There are numerous occasions on any Mediterranean cruise where ships have to navigate narrow passages between islands--passages for which no pilot is brought on board and where the ship must come as close to the shore on both sides as was intended on this "fly by." It is simply incorrect to suggest that it is an inherently high-risk maneuver to bring a modern cruise ship close to an island where there is plenty of depth close to the coast.
posted by yoink at 9:26 AM on April 21, 2012


When I was on a sizable ship this spring, we did a lifeboat drill within minutes of dropping our bags in our rooms. I'm pretty sure someone said it was a direct result of the Concordia.
posted by gottabefunky at 11:18 AM on April 21, 2012


January 30, 1945 was truly a nightmare to remember. Pressed into wartime service, the German cruise ship MV Wilhelm Gustloff (20,000 tons lighter and 200 feet shorter than Titanic) was packed with evacuees fleeing from advancing Russian forces in East Prussia when she was sunk in the Baltic Sea by a Soviet submarine. An estimated 9,400 passengers (including thousands of children) died in the world's worst maritime disaster.
posted by cenoxo at 9:08 PM on April 21, 2012


Perhaps the wisest course is to avoid ocean travel altogether:
"No man will be a sailor who has contrivance enough to get himself into a jail; for being in a ship is being in a jail, with the chance of being drowned... a man in a jail has more room, better food, and commonly better company."
Samuel Johnson (1709-1784)
Let's take the train instead.
posted by cenoxo at 9:31 PM on April 21, 2012 [2 favorites]
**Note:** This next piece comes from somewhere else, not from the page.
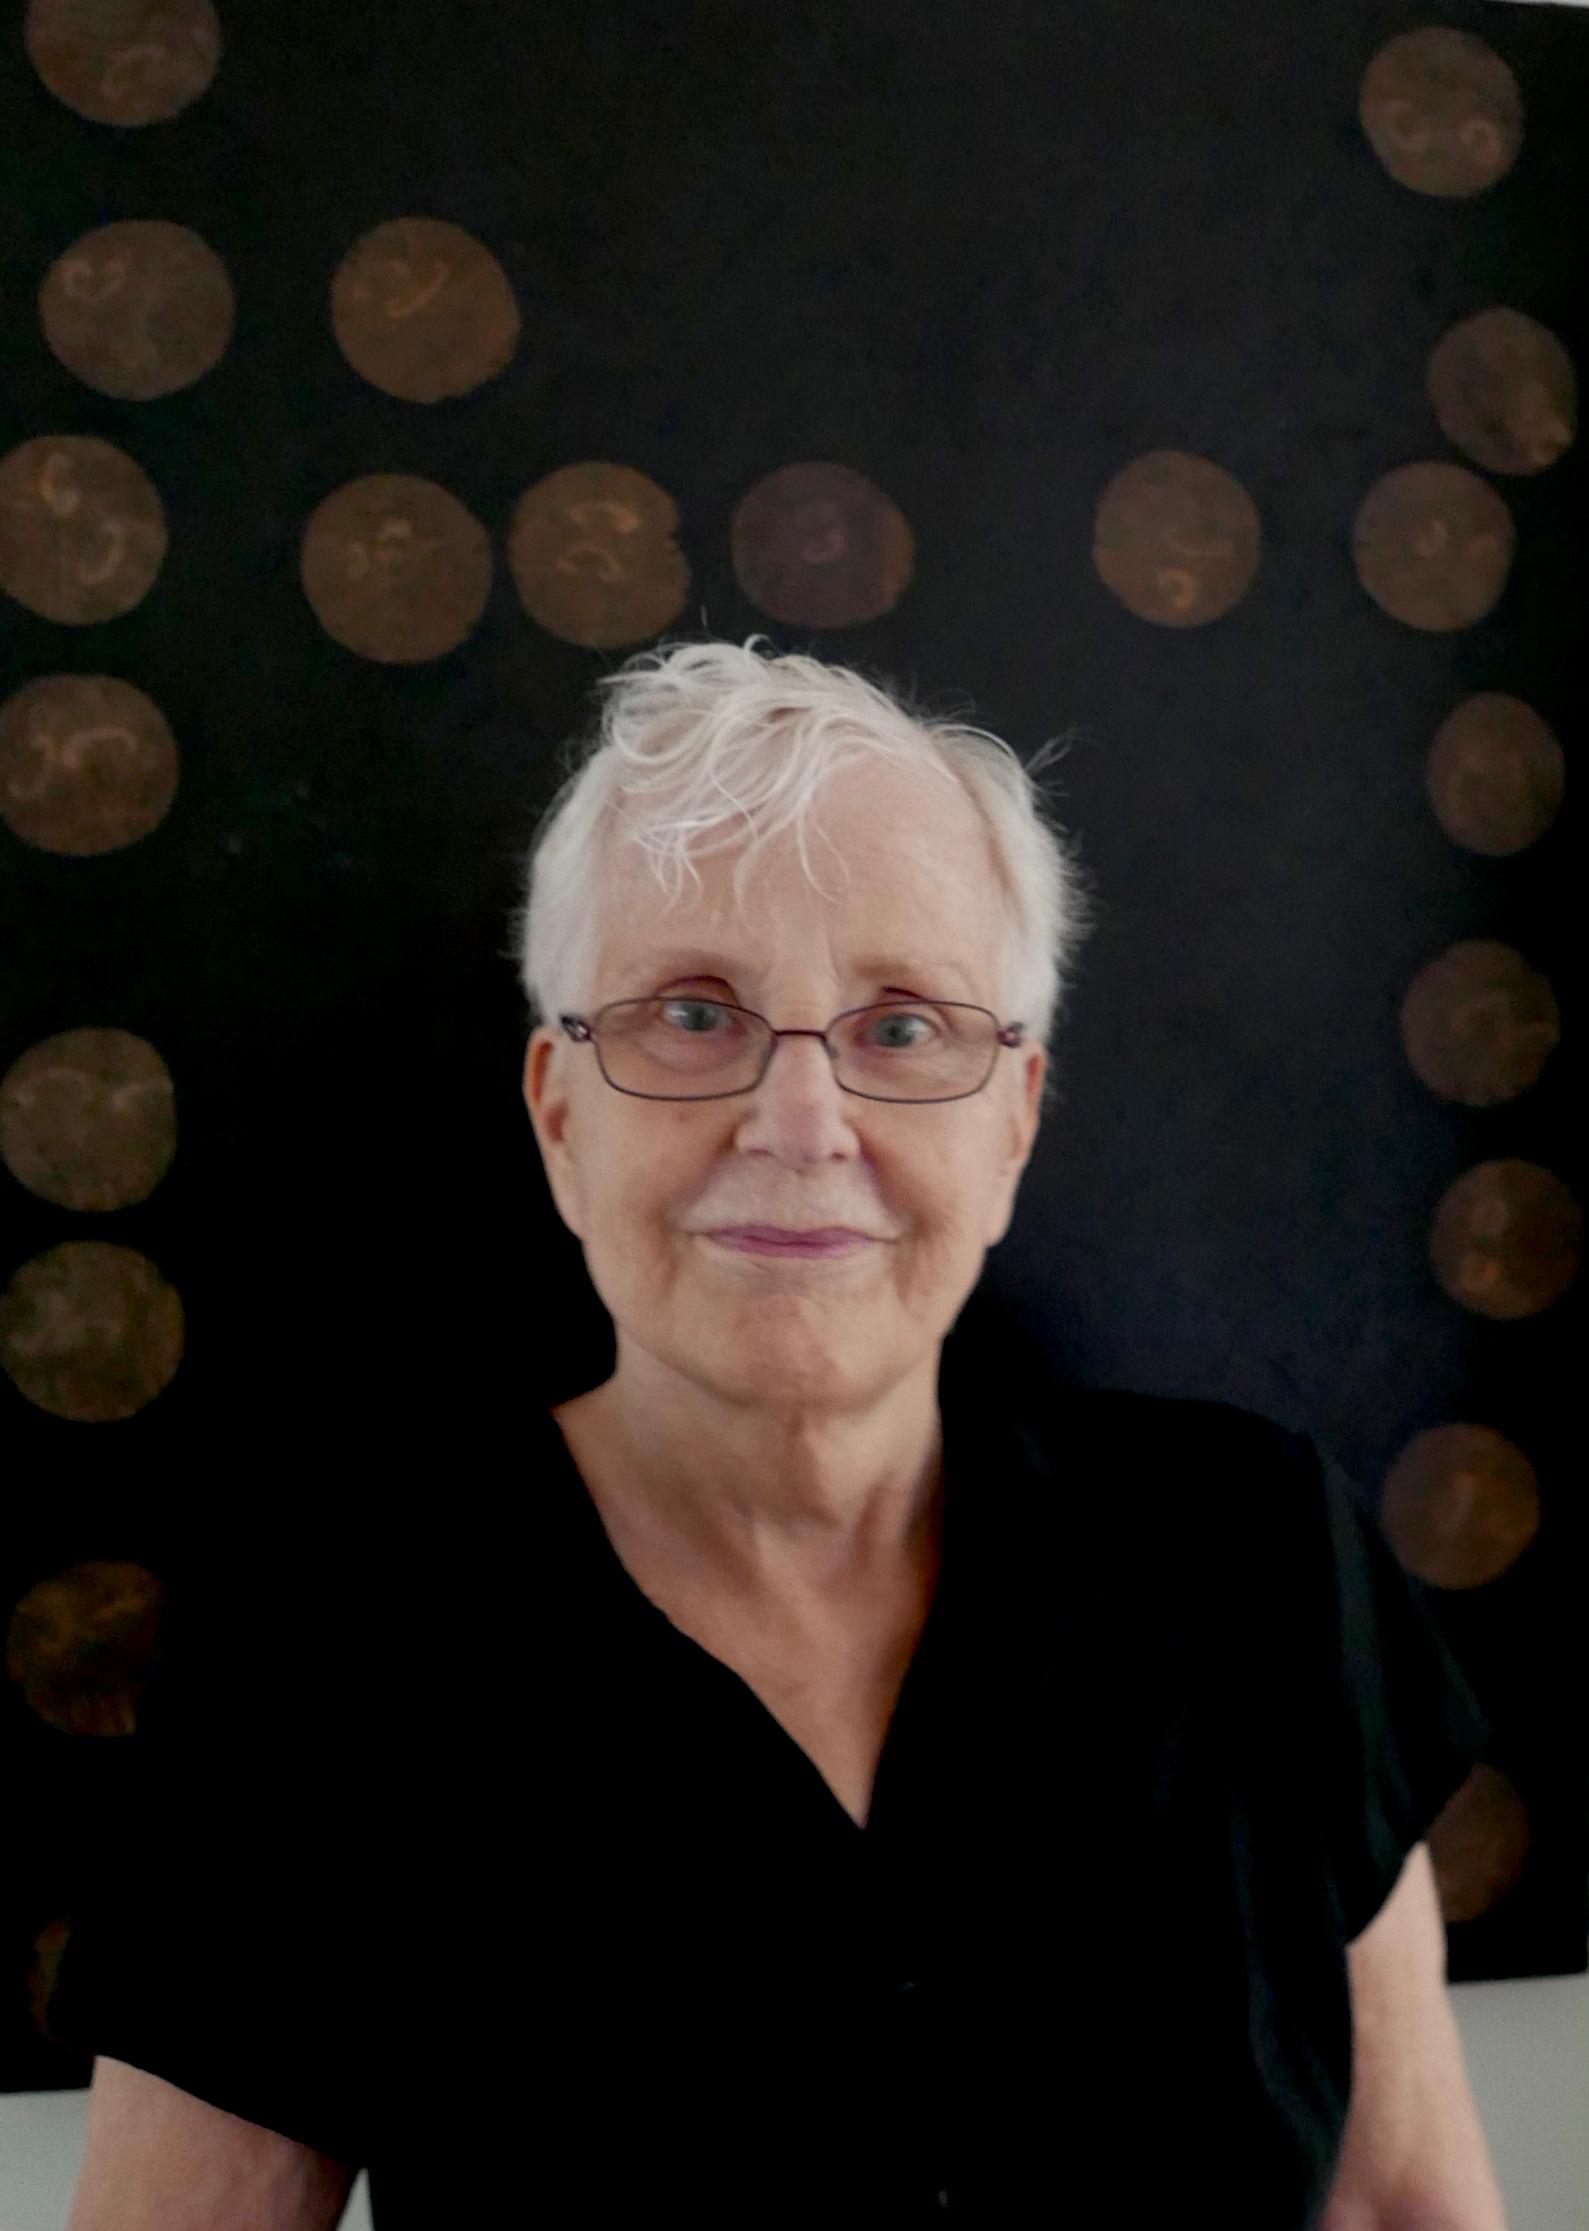 Marjorie Gaffney Marjorie Gaffney new foto

gottabefunky, those lifeboat drills have been a mandatory part of the cruise ship experience for a long time. It's maritime law that everybody on an ocean going vessel has to have a way to be notified of an emergency and training on what to do. The cruise lines make it as perfunctory as possible because it's kind of a downer compared to their whole vacation vibe, but they have to do it, and it's not so much because of the Concordia as because of the Titanic that that's the case.
posted by localroger at 3:44 PM on April 22, 2012


The difference is in the TIMING. The Concordia struck distaster within a couple of hours of setting sail. I can't remember when our muster drill was conducted, although I know it was pretty early on. But at the time I sailed (in 2007) it would have been too late to have been useful in the Concordia's situation.